Evaluation API¶
evret.evaluation.dataset
¶
Evaluation dataset models and loaders.
DocumentExample
dataclass
¶
One document entry in an evaluation dataset.
EvaluationDataset
dataclass
¶
Evaluation dataset containing query examples and optional documents.
QueryExample
dataclass
¶
One query item in an evaluation dataset.
Provide expected_doc_ids when gold relevant document IDs are known. Provide expected_answers as gold answer text snippets for the judge to match against retrieved content when document IDs are not available.
evret.evaluation.evaluator
¶
Evaluation orchestrator for retriever metrics.
Evaluator
¶
Run a list of metrics over a retriever and dataset.

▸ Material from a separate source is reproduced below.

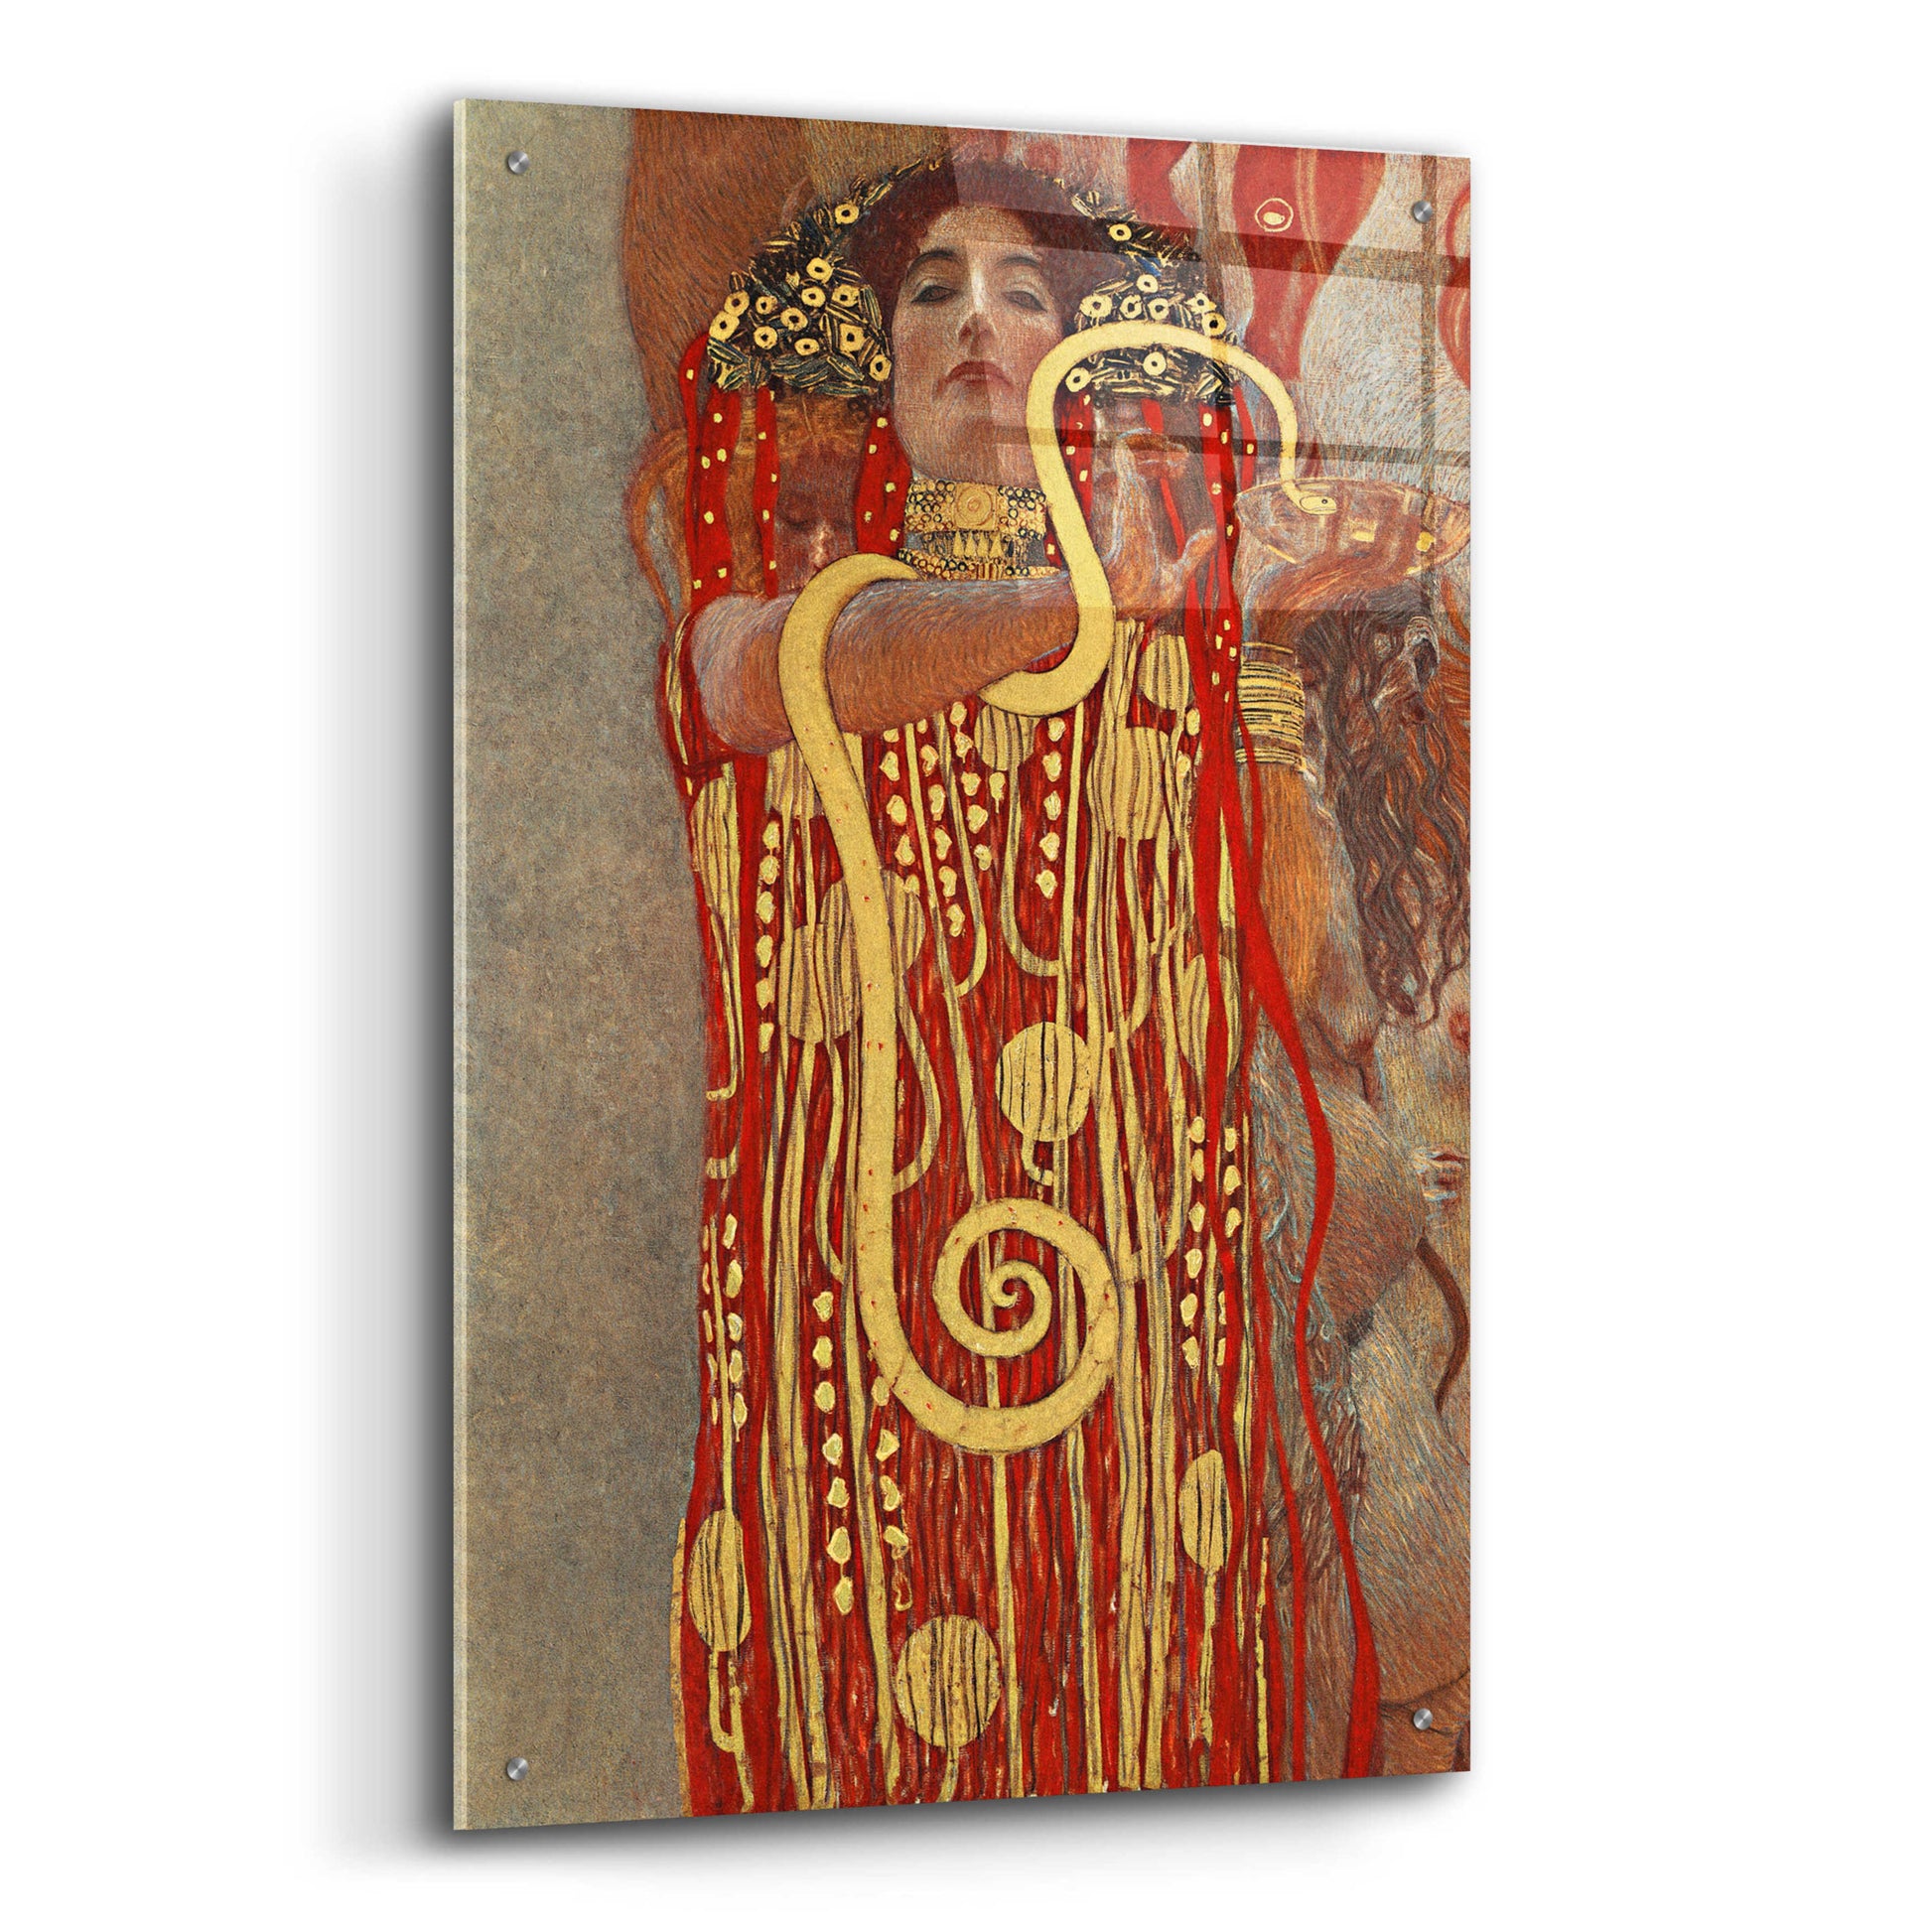 Epic Art 'Hygieia' by Gustav Klimt, Acrylic Glass Wall Art,24x36

Uses pluggable Judge system for text-based relevance matching.
Parameters:
| Name | Type | Description | Default |
|---|---|---|---|
retriever
|
BaseRetriever
|
Retriever to evaluate |
required |
metrics
|
Sequence[Metric]
|
List of metrics to compute |
required |
judge
|
Judge | None
|
Relevance judge (defaults to TokenOverlapJudge if None) |
None
|
Examples:
>>> from evret import Evaluator, HitRate, Recall
>>> from evret.judges import TokenOverlapJudge, SemanticJudge, LLMJudge
>>>
>>> # Default: TokenOverlapJudge
>>> evaluator = Evaluator(retriever, [HitRate(k=4), Recall(k=4)])
>>>
>>> # Custom judge
>>> evaluator = Evaluator(
... retriever,
... [Recall(k=4)],
... judge=SemanticJudge(threshold=0.8)
... )
evret.evaluation.judges
¶
Relevance judge helpers for text-based evaluation matching.
default_relevance_judge(query_text, relevant_label, candidate_text)
¶
Return whether one candidate matches a relevance label.
make_token_overlap_judge(*, min_shared_tokens=15, min_overlap_ratio=0.6)
¶
Build a token-overlap relevance judge with custom thresholds.
token_overlap_relevance_judge(query_text, relevant_label, candidate_text, *, min_shared_tokens=15, min_overlap_ratio=0.6)
¶
Return True when token overlap passes configured thresholds.
evret.evaluation.results
¶
Evaluation result container and exporters.